What bike do I need ?

If you want to join a club ride, then you will need a road/gravel bike or a hybrid. If you are buying a bike for the first time, then there is no substitute for going to a bike shop and going for a test ride. Getting the right size of bike is absolutely key, to get this wrong can be an expensive business !

Most bike shops will offer a fitting service or at least give you good advice on the right size for you.
If buying directly from an internet shop then you really need to know the size and geometry that suits your body shape.

The two most important dimensions on a bike are the seat tube height and the top tube length. Note that each brand has its own specific geometry (frame triangle) and may differ significantly to another brand.

 

Equipment to carry

Carrying a spare inner tube, tyre levers and a pump is essential. All riders will encounter a puncture at some stage. The trick is to be able to deal with it especially if you are riding solo. You need to be self reliant and be able to get home on your own.

 

What clothing do you need ?

Traditionally riders wear lycra (or similar material), the main reason being for comfort and function.

A typical lycra cycle jersey will wick away the sweat on a hot day and keep you comfortable. It will also have pockets at the back for all the essentials, phone, inner tube, fruit bar etc.

The most comfortable shorts to wear are bib shorts, which will include a pad to keep you comfortable on the saddle.

A breathable winter jacket is a welcome addition to your cycling wardrobe in the colder months.

During colder months it’s very important to keep your feet warm. A good pair of cycling overshoes can help keep your feet toasty and allow you to carry on riding in the worst of the winter weather. Overshoes are generally made from either thick neoprene or lighter, windproof, fleece-backed fabric. They’re designed to keep the cold, the wet, or both out – with holes at the bottom to allow your cleats to connect with the pedals.

Tip – buy overshoes that are larger than you think you need as you don’t want them too tight. So if you have medium size feet, get size large overshoes

 

Pedals, cleats and shoes

When starting out, most riders use flat pedals and trainers.

But it is possible to ‘upgrade’ to using cycling shoes, attach cleats and use pedals that the cleats fit in to. This gives a more efficient pedal stroke and confidence that your feet don’t slip off the pedals. The most popular styles of cleat/pedal are SPD, SPD-SL, Look/Keo.

 

Saddle Sore ?

Most riders will encounter soreness while sitting on the saddle.
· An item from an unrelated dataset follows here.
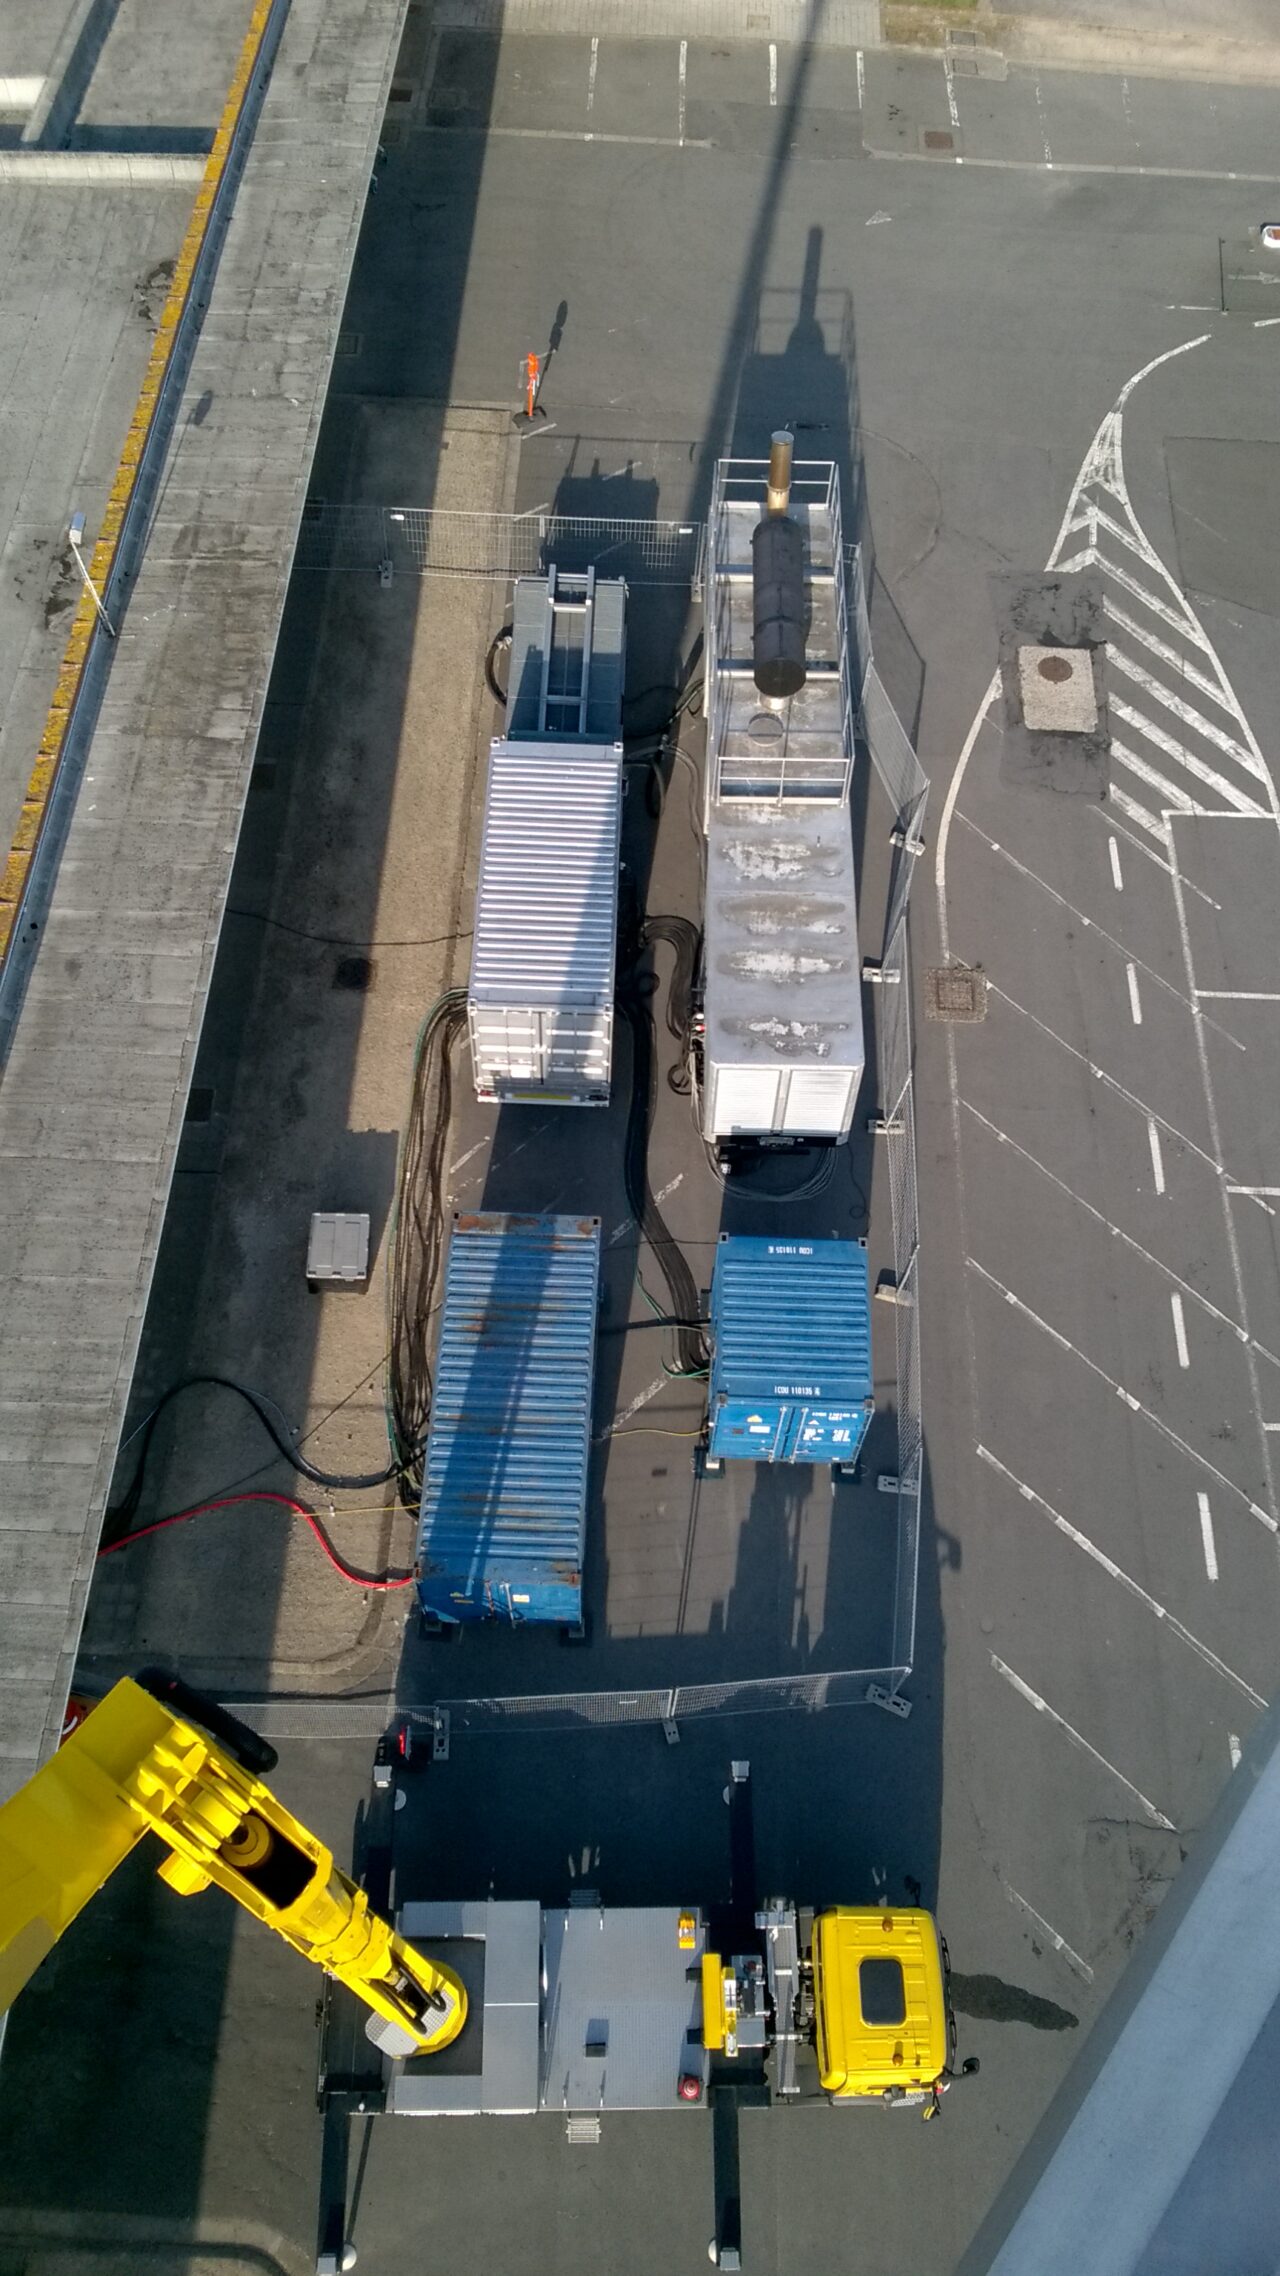 Protection mobile de l’alimentation pendant la conversion de l’UPS fixe à l’aéroport d’Ostende.

There are number of things you can do to sort this out.
Apply lubrication on the bibshorts pad and/or yourself, using Chamois cream, Aqueous cream, Vaseline, anything is better than nothing. Apply liberally !
Modern saddles can really help with this, these come with a split down the middle. Position your saddle forward so that your seat bones are sitting on the back part of the saddle and taking your weight.
Other adjustments including saddle height and stem length, can adjust your position and help correct the problem.

 

Club Rides
If you want to join us on a club ride, then you need a well maintained bike and be self reliant. However be assured there will be help on hand if you need it.
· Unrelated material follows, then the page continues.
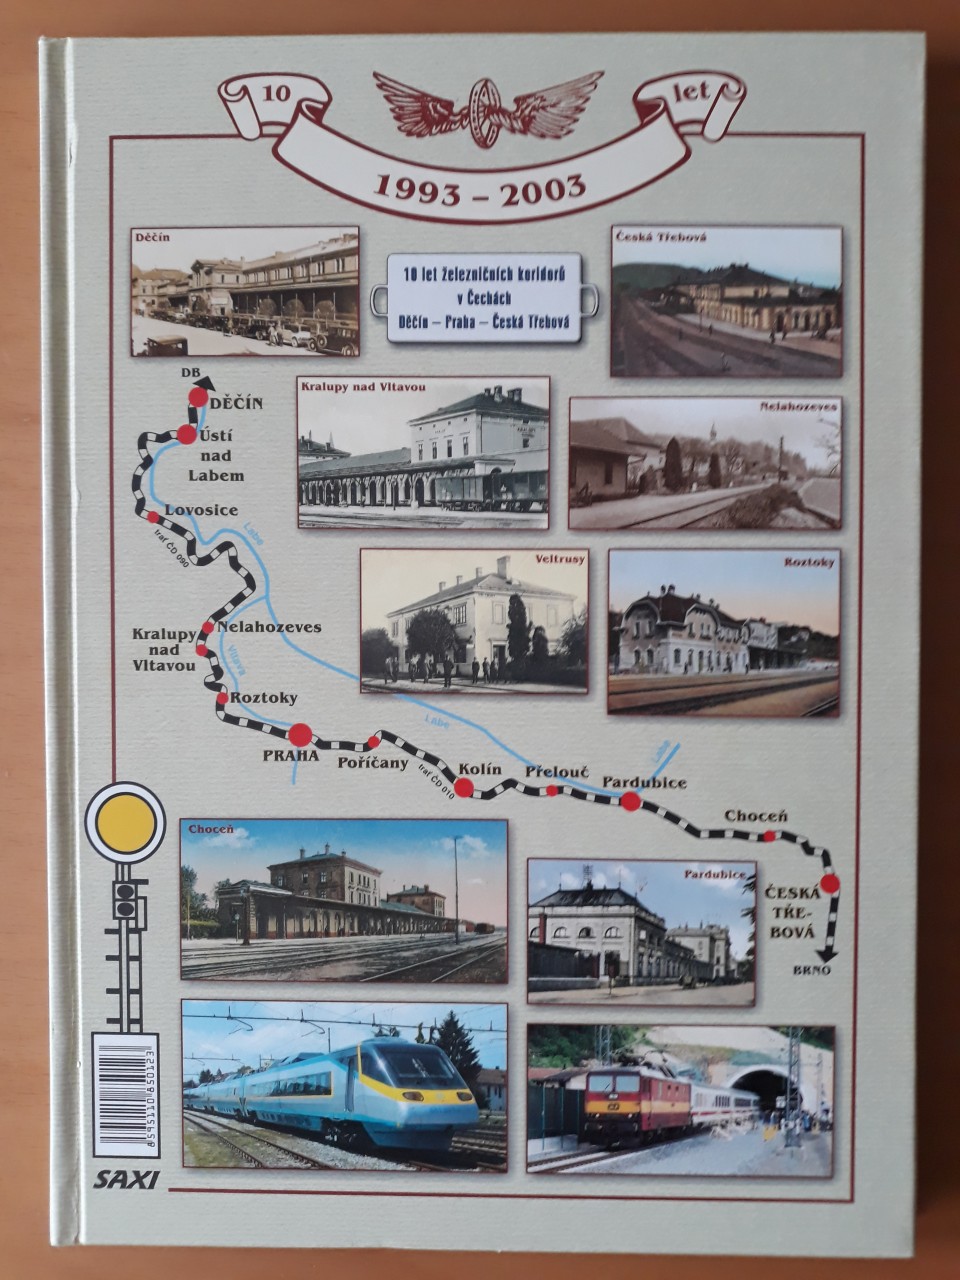 10 let eleznnch koridor v echch - Saxi 2003

Rides are anywhere between 20 and 50 miles at a variety of average speeds and different routes.

If you want to join us on a ride, you must let us know first. You don’t have to be a member of the club to join us on a club ride, but we hope that after you get to know us and enjoy our company then you will want to. The club has a “no rider left behind” policy.
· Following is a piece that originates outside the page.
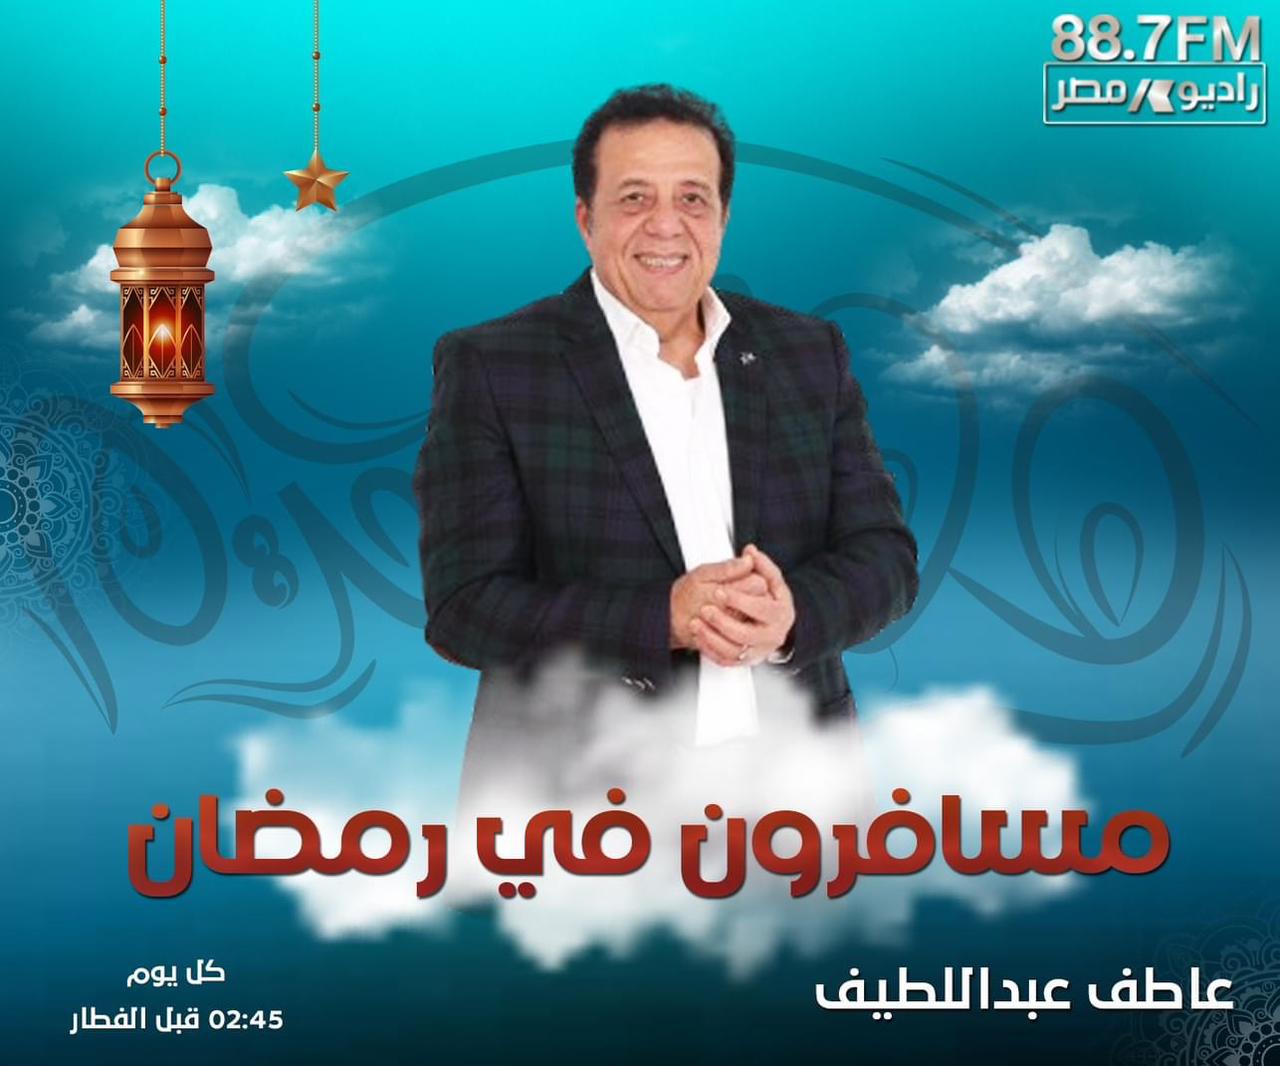 "مسافرون في رمضان".. برنامج سياحي ترفيهي على راديو مصر يوميًا خلال الشهر المبارك

Other kit to consider when on a club ride, is having mudguards, which other riders will thank you for especially on wet roads.

Read more about Club rides.

 

Joining the Club
Its a simple process to join the club, currently only £25 per year. The advantages to becoming a member are numerous. Meeting like minded riders, hopefully matching your interests, joining club rides to explore new routes and discovering cafe stops, taking your riding skills and fitness to the next level. The list goes on.
Read more about joining the Club.

 

COVID Restrictions
Since the first lockdown ended, we have been running our club rides with a max group size of 6 (socially distanced) in order to stay within guidelines. This has been working well, running different groups at different levels of ability.